What you have to do:
Copy the data that follows exactly. Include no pictures.

Information provided:
┌──
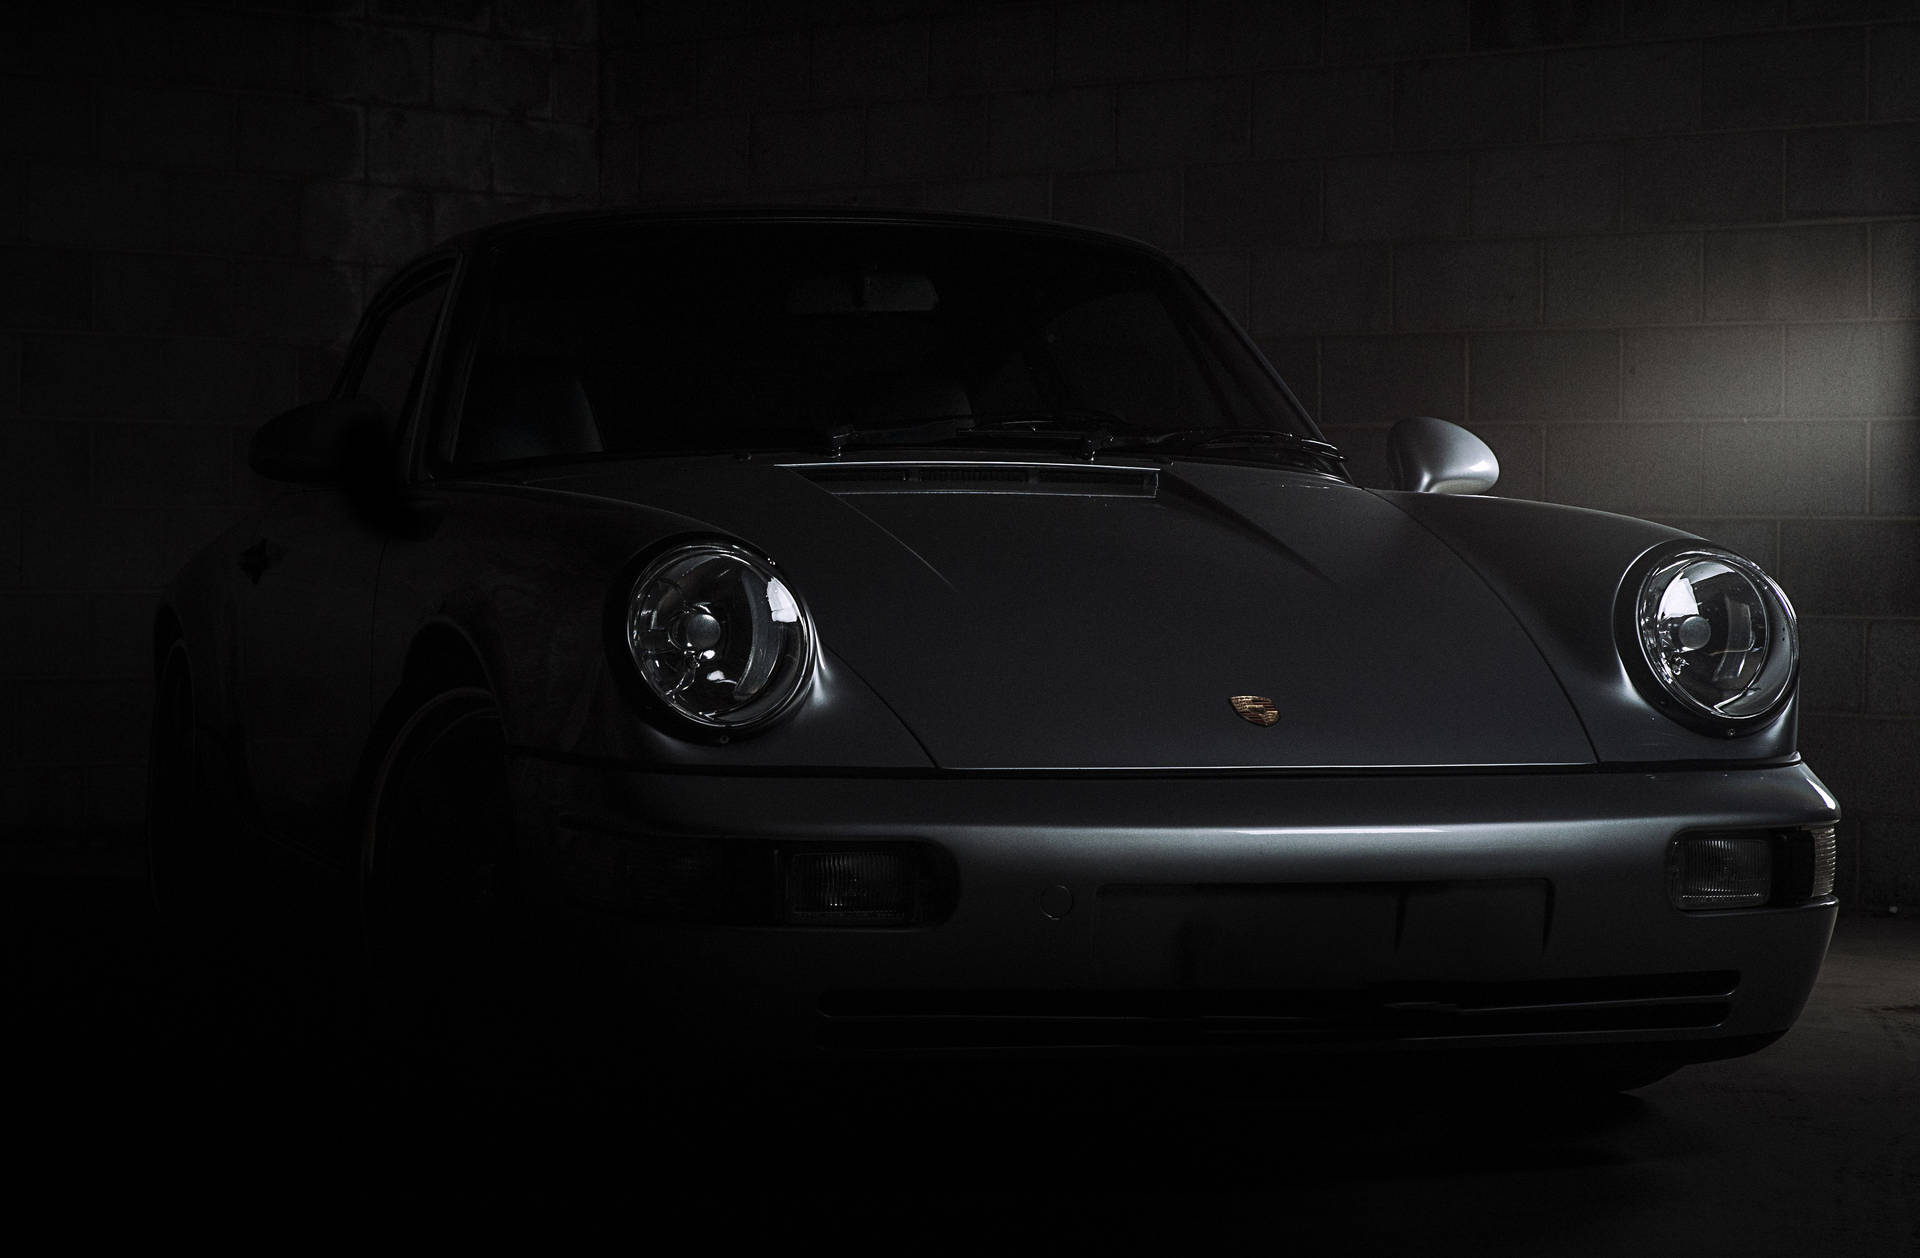 Porsche 911 In Matte Black Wallpaper
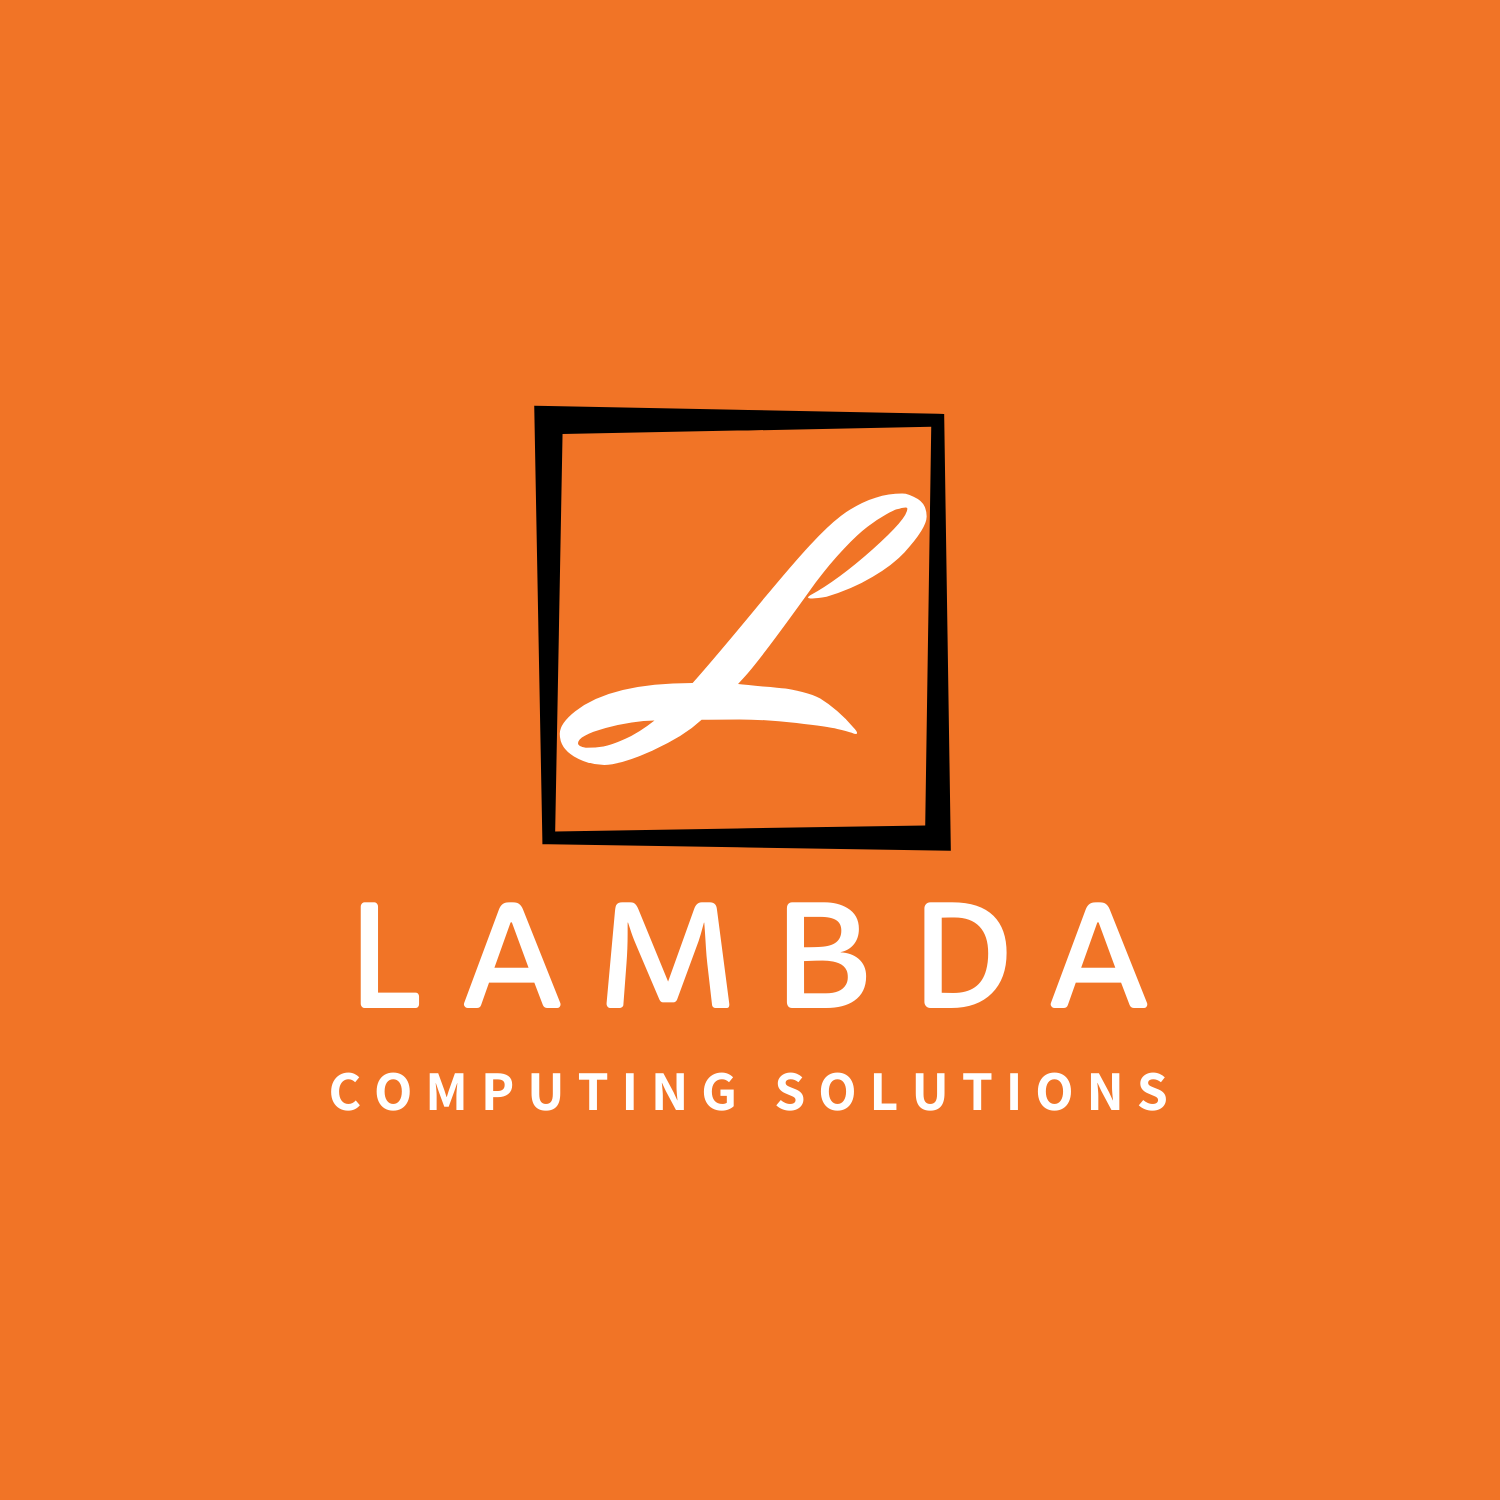 Company logo for Lambda Computing Solutions (s) Pte. Ltd.
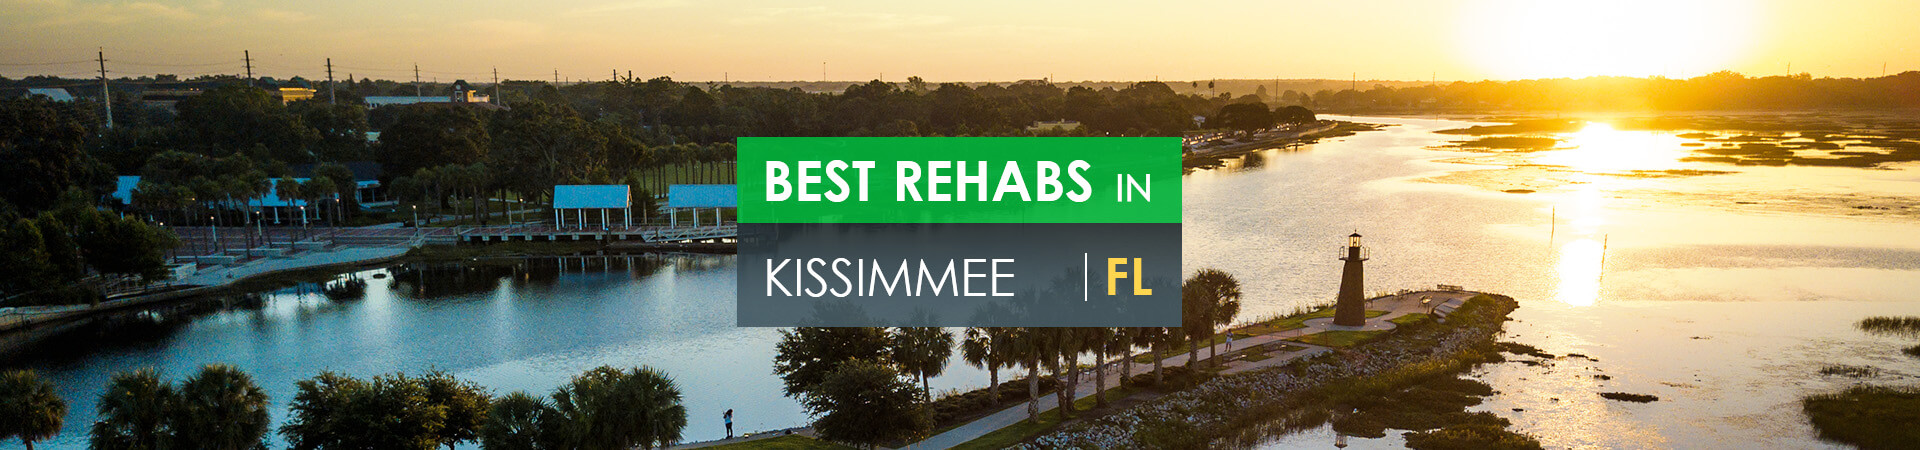 Best rehabs in Kissimmee, FL
└──
Finished task:
 Porsche 911 In Matte Black Wallpaper
 Company logo for Lambda Computing Solutions (s) Pte. Ltd.
 Best rehabs in Kissimmee, FL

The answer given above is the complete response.